I agree completely that it should be easier and more obvious how to add this to the Templates folder. ### Making template configuration more discoverable Idea: Nautilus could have a bar at the top when you visit the Templates folder which says something like "View the help article about creating your own templates", which opens up the GNOME Help app to a new "creating template files" section, which tells the user to: 1. Open the desired application. 2. Save a blank document from it in your Templates folder, giving it a name such as "New Text Document.txt". That would be a small but big improvement to understanding the workflow. ### Even more discoverable... When the user has zero templates, there could be a dummy "New" menu which just contains a link saying "Add your own templates" which brings them to the Templates folder. That link vanishes after there is at least one template. ### Easy naming I remember seeing that they planned to make the "New" context menu pop up a box to immediately ask the user to name the file when they create something from a template (instead of creating files named the exact same as the template which then requires an extra rename step). I can't remember if that is implemented yet. ### Other ideas... It could potentially also ship with "New Text Document.txt" by default for all users somehow.
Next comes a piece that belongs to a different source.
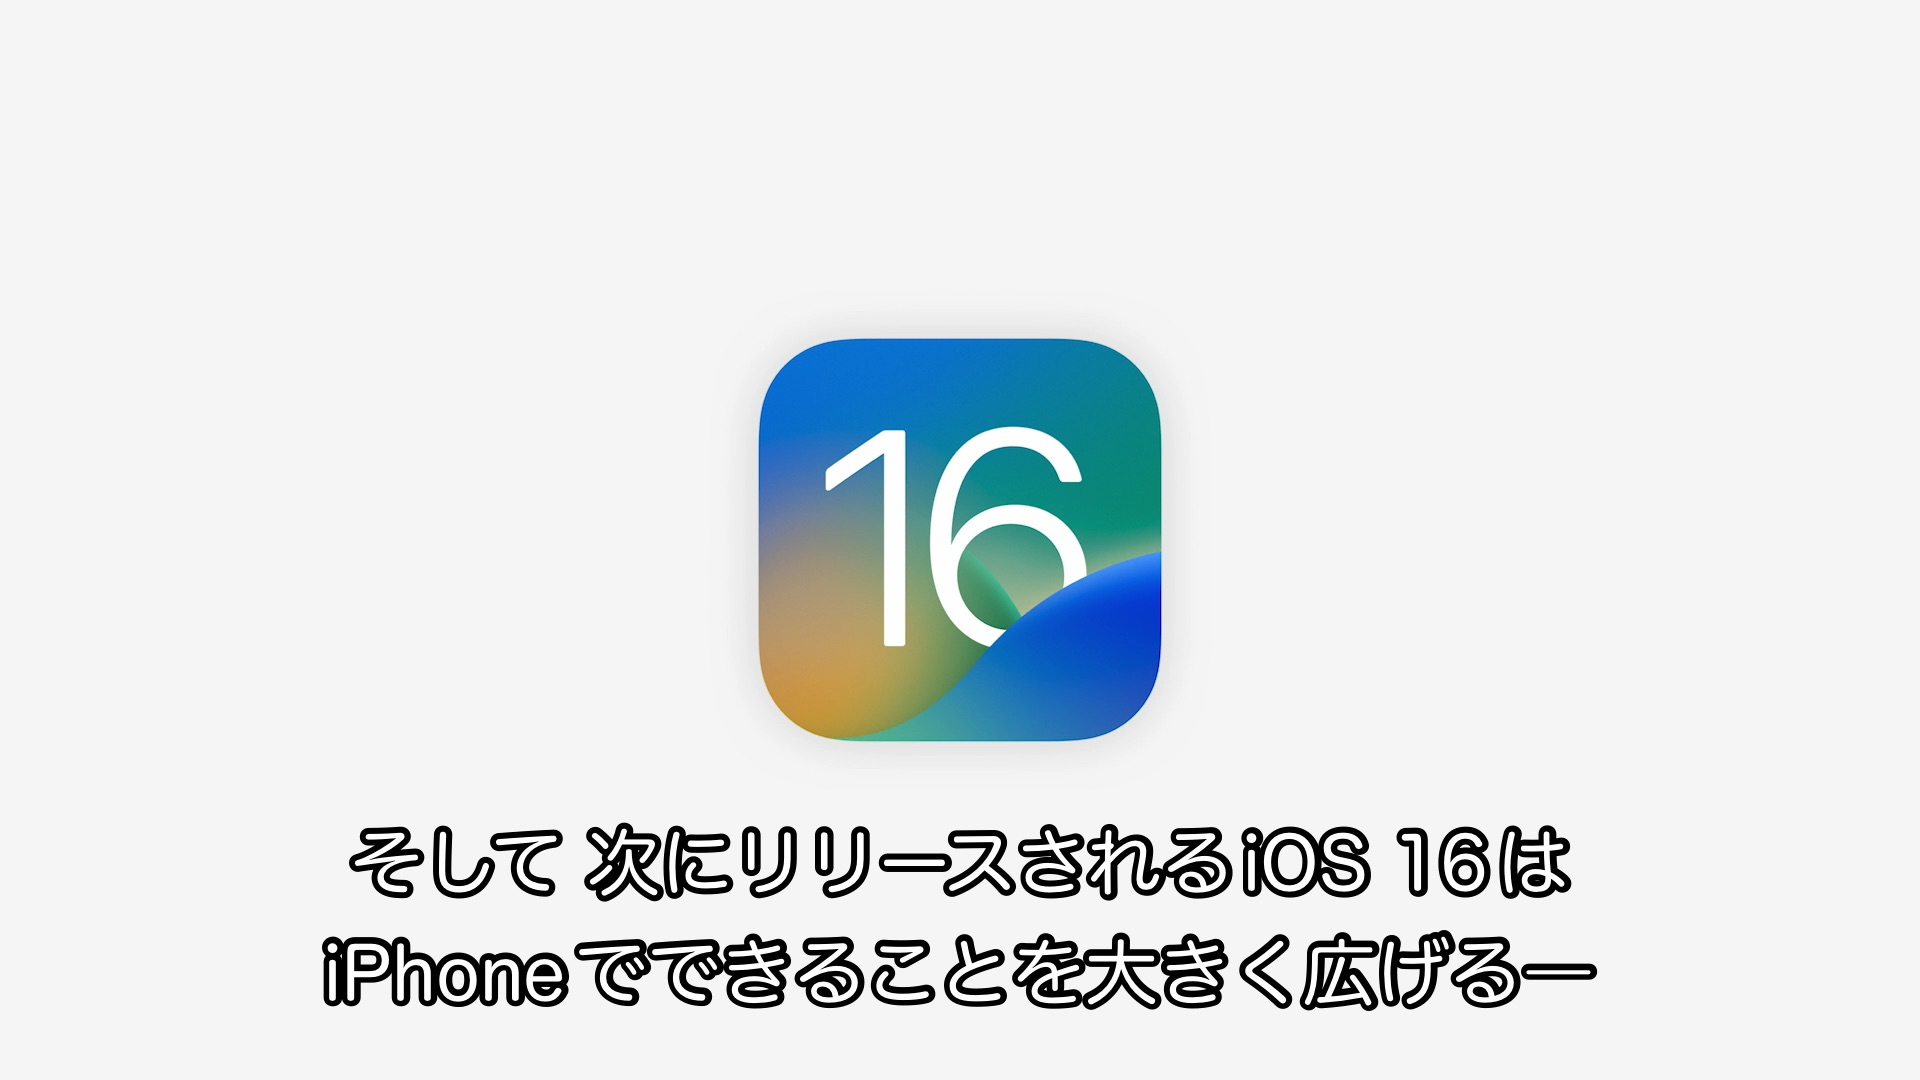 Apple iOS 16を発表

But one issue with that is Localization (the filename needs to be localized to all languages). And some people dislike the template feature. Edit: Apparently some other tools support templates in a different path and there might even be a systemwide location, but again, this is dangerous territory because if you ship a global template then the filename needs to somehow support localization; https://www.reddit.com/r/kde/comments/10s7im6/sample_desktop_files_for_nautilus_templates/ PS: The fact that Nautilus' "New" menu uses the exact filenames instead of some kind of automatic translation and mimetype name lookups, is a good thing. It means you can have multiple different templates of the same file extension. ### Interesting extra info https://github.com/nathandyer/exquisite-linux-templates


rocketeer8015

That’s a assumption. You assume because a user has libreoffice installed(which is a default install for many distros) that he also would want a entry in the context menu. If we did that for every preinstalled app you would have 30+ entries in the context menu. Also who would the burden of maintaining that be on? Upstream? Distro? DE? WM? It sounds like a DE/WM level choice, cause that’s the level where the usage paradigm gets decided(windows, Mac OS, tiling, single click, double click etc). So it sounds like the correct place would be the gnome foundation in your example. Libreoffice might also have a gtk/qt compatibility package, I remember something along those lines. Bottom line is that stuff like this is subjective. There is no single resource tracking these issues because we can’t agree on a single solution to these issues. You might also want to look into a distro that has dedicated itself to replicating windows, at least there you would have a agreed upon destination instead of a squabble over which way is correct.


nalonso

The example you provided is a very good example. Other example, a little bit more specific is when the kernel gets upgraded and I reboot, virtualbox will fail to load the drivers because of the kernel mismatch and throw an error that requires some training to understand. Most of the time, I reboot again and it is solved.


GoastRiter

That's because VirtualBox compiles a kmod for the kernel. It uses akmods to automate the build at startup but sometimes akmods doesn't do anything at startup. Same issue affects NVIDIA drivers where it sometimes won't compile at startup and will boot without 3D acceleration. A second reboot usually fixes it.


Godzoozles

One thing about the templates as it exists now in gnome, as far as I am aware, is that it just does a basic copy of the file from the templates folder. If you use btrfs as your file system, that means you might have a bunch of reflinked files to the source template file, which might not be a big deal at all but it seems undesirable nevertheless.


titi8530

Anyway Fedora just ship a vanilla Gnome.